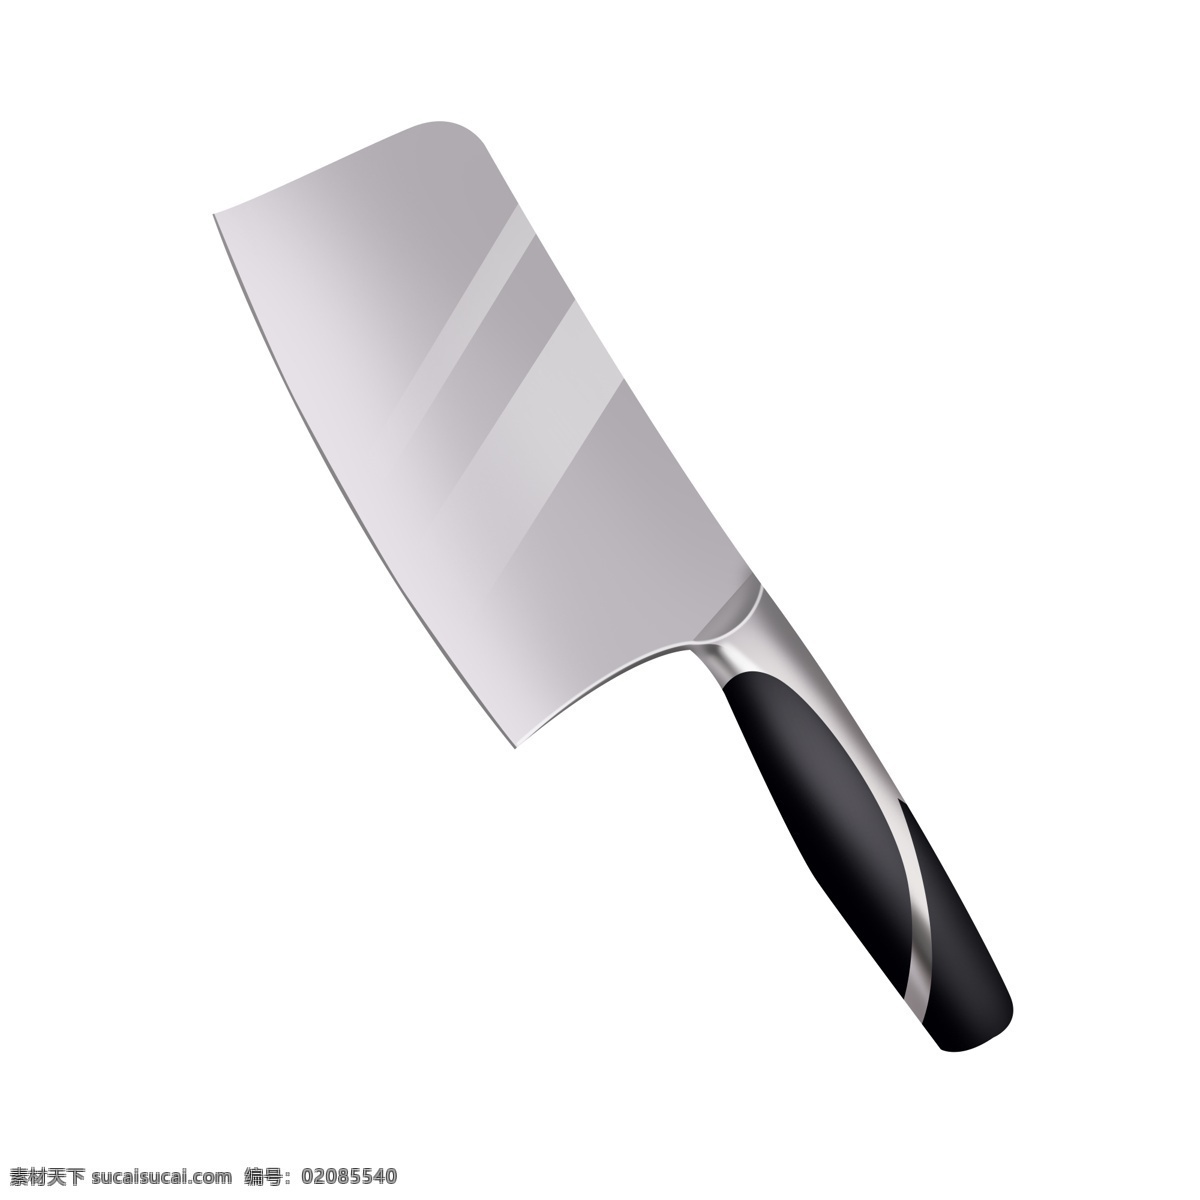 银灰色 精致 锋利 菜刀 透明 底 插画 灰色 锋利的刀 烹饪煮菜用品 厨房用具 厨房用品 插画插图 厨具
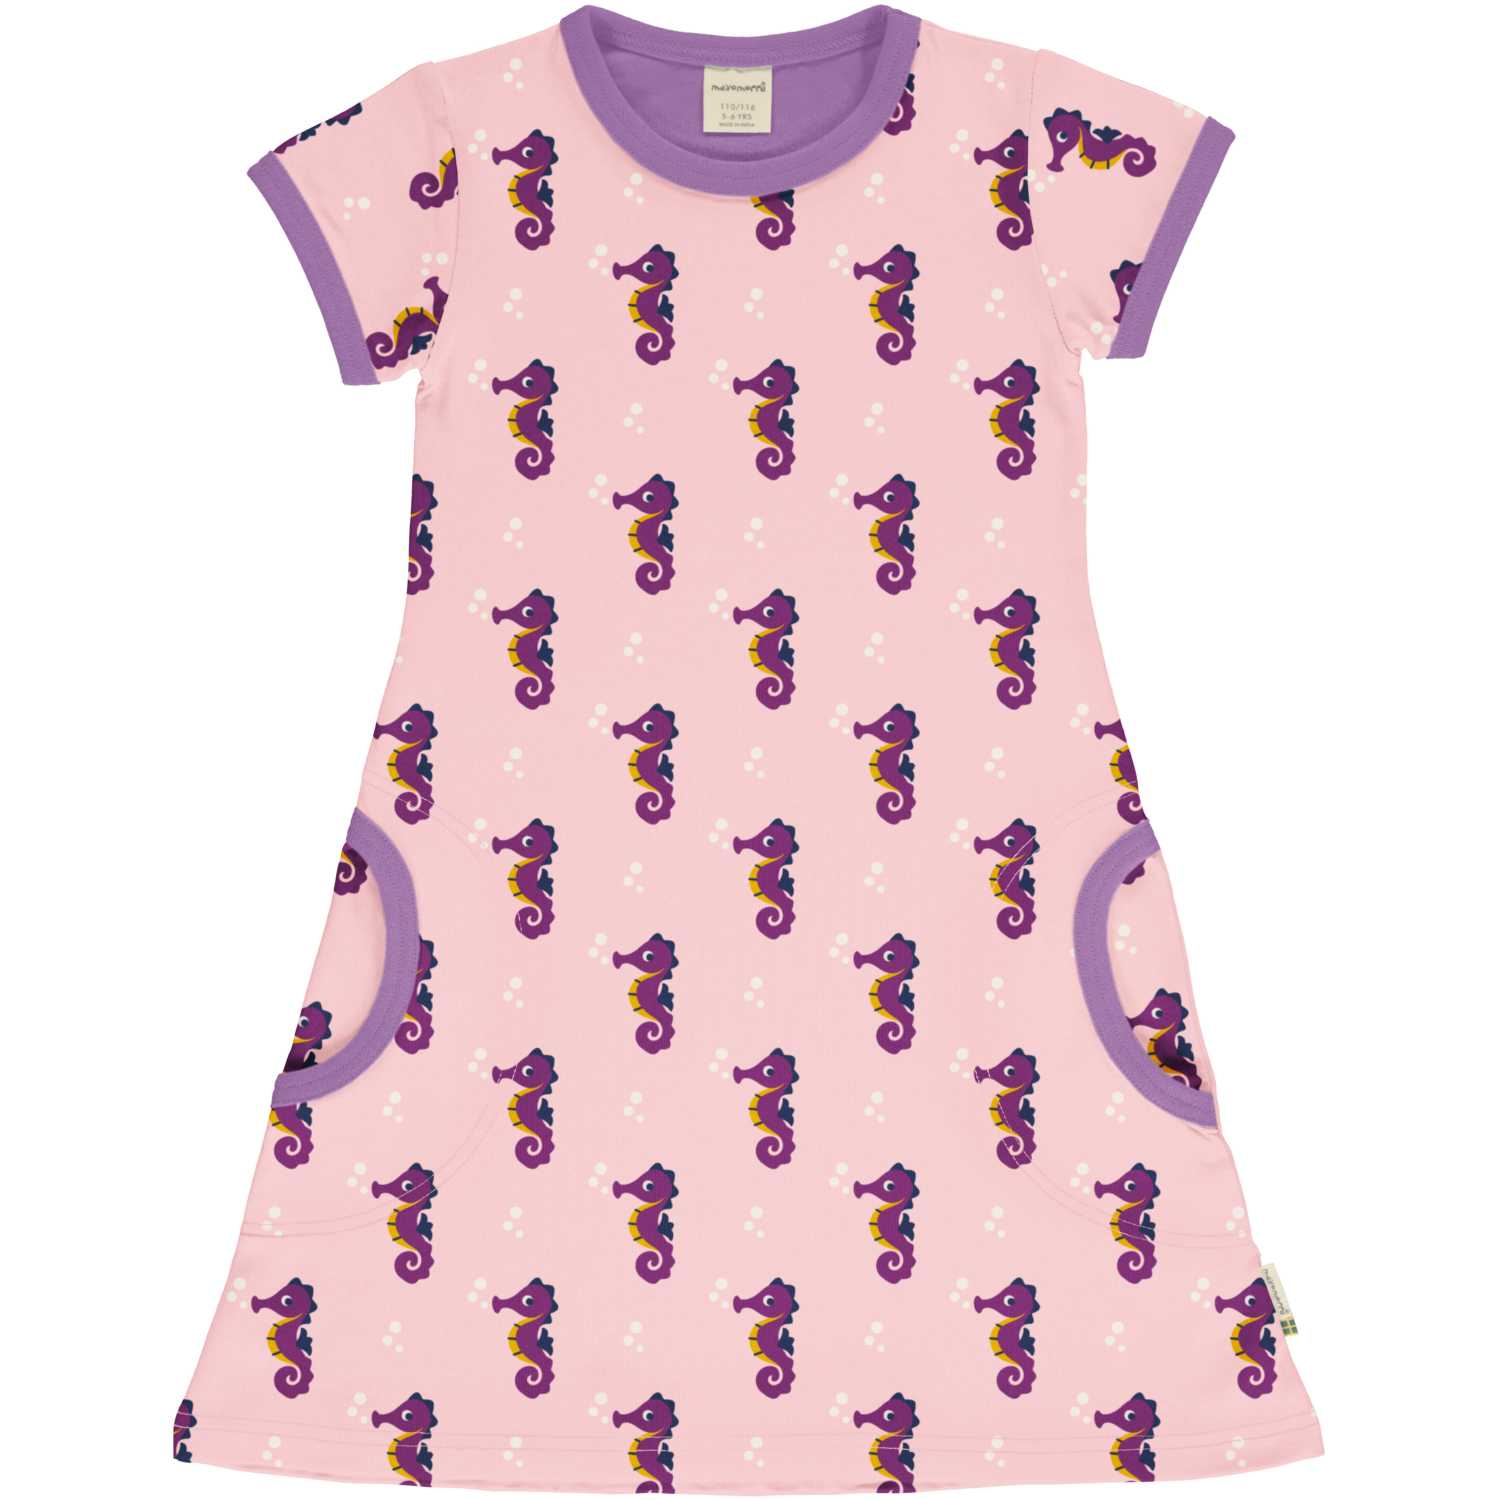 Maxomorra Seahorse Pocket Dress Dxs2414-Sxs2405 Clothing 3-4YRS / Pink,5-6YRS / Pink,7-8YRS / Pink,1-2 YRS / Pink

==

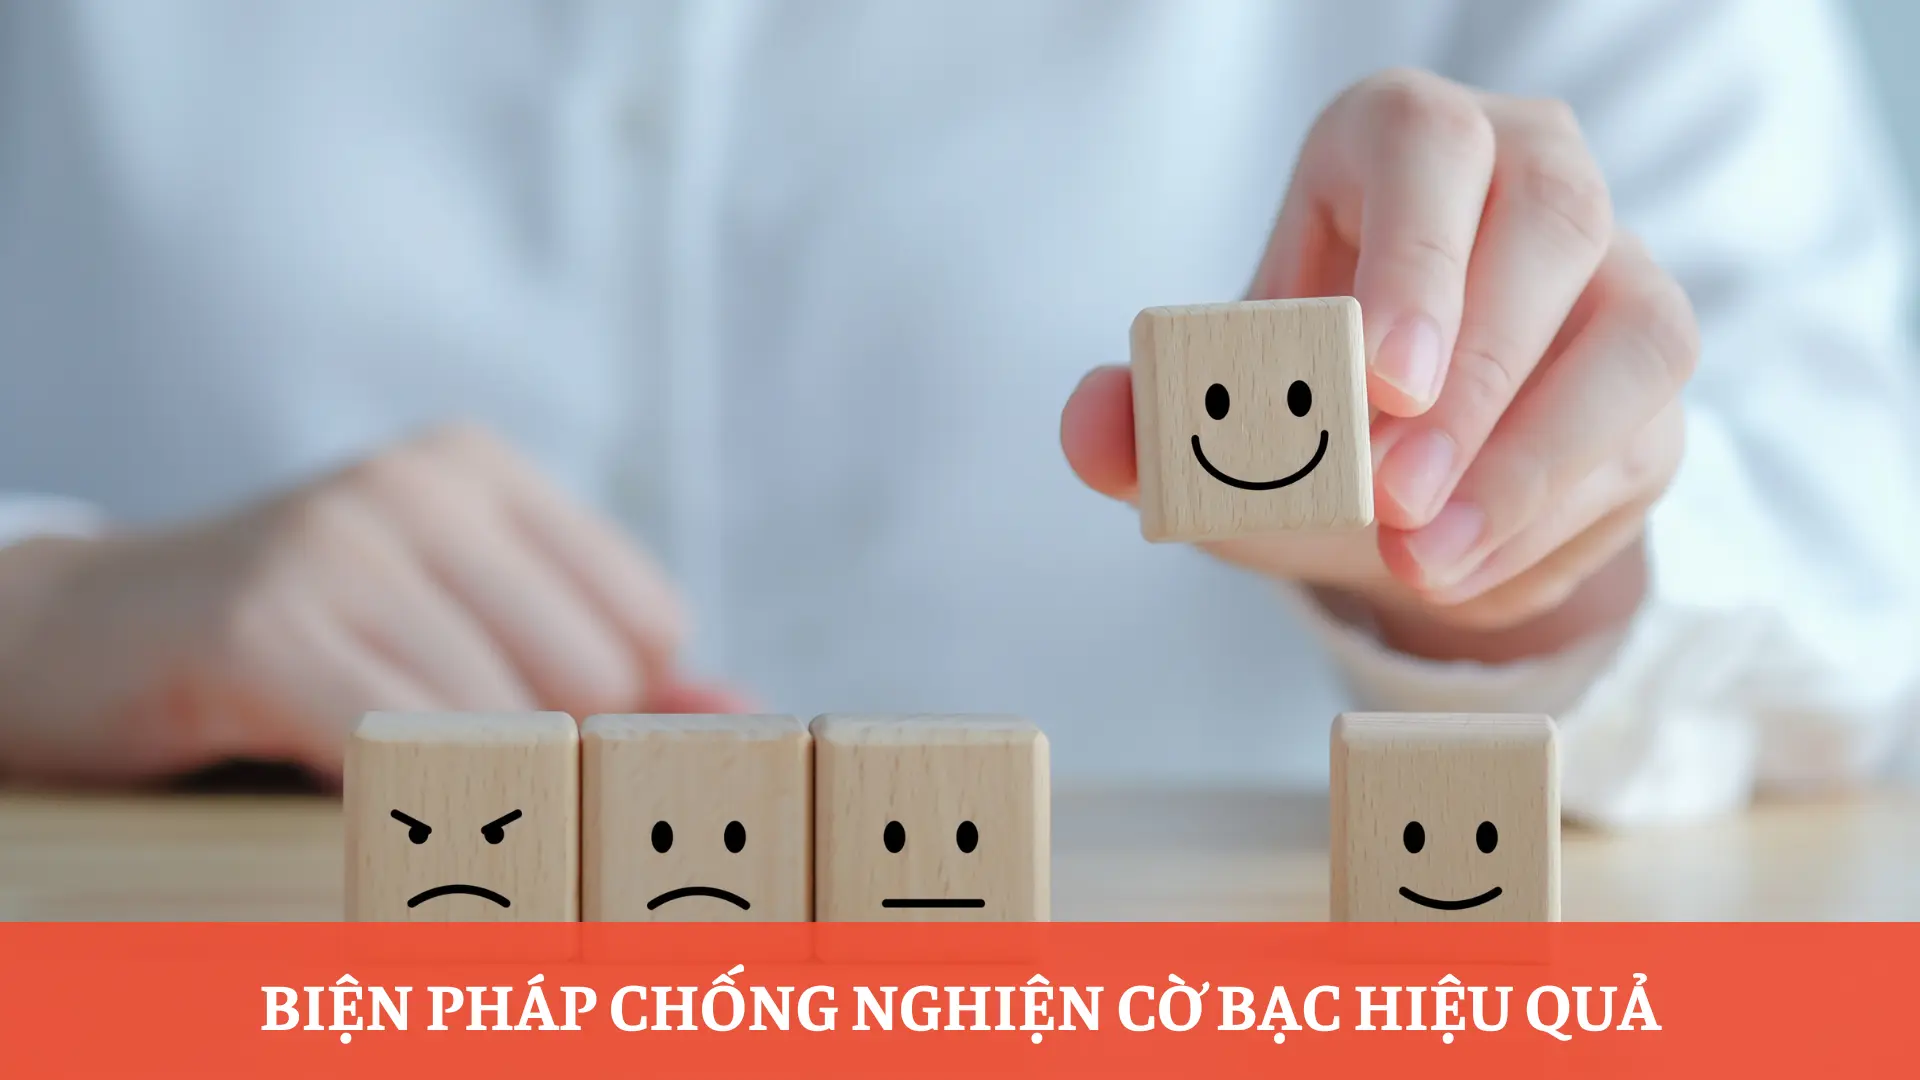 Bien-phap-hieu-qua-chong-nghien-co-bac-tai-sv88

→ **Work order**
Looking at the listing above, which lines run from the one containing "银灰色 精致 锋利 菜刀" through the one containing "Maxomorra Seahorse Pocket"? Print exactly those, ends included, pictures excluded.

→ **Exercise answer**
 银灰色 精致 锋利 菜刀 透明 底 插画 灰色 锋利的刀 烹饪煮菜用品 厨房用具 厨房用品 插画插图 厨具
 Maxomorra Seahorse Pocket Dress Dxs2414-Sxs2405 Clothing 3-4YRS / Pink,5-6YRS / Pink,7-8YRS / Pink,1-2 YRS / Pink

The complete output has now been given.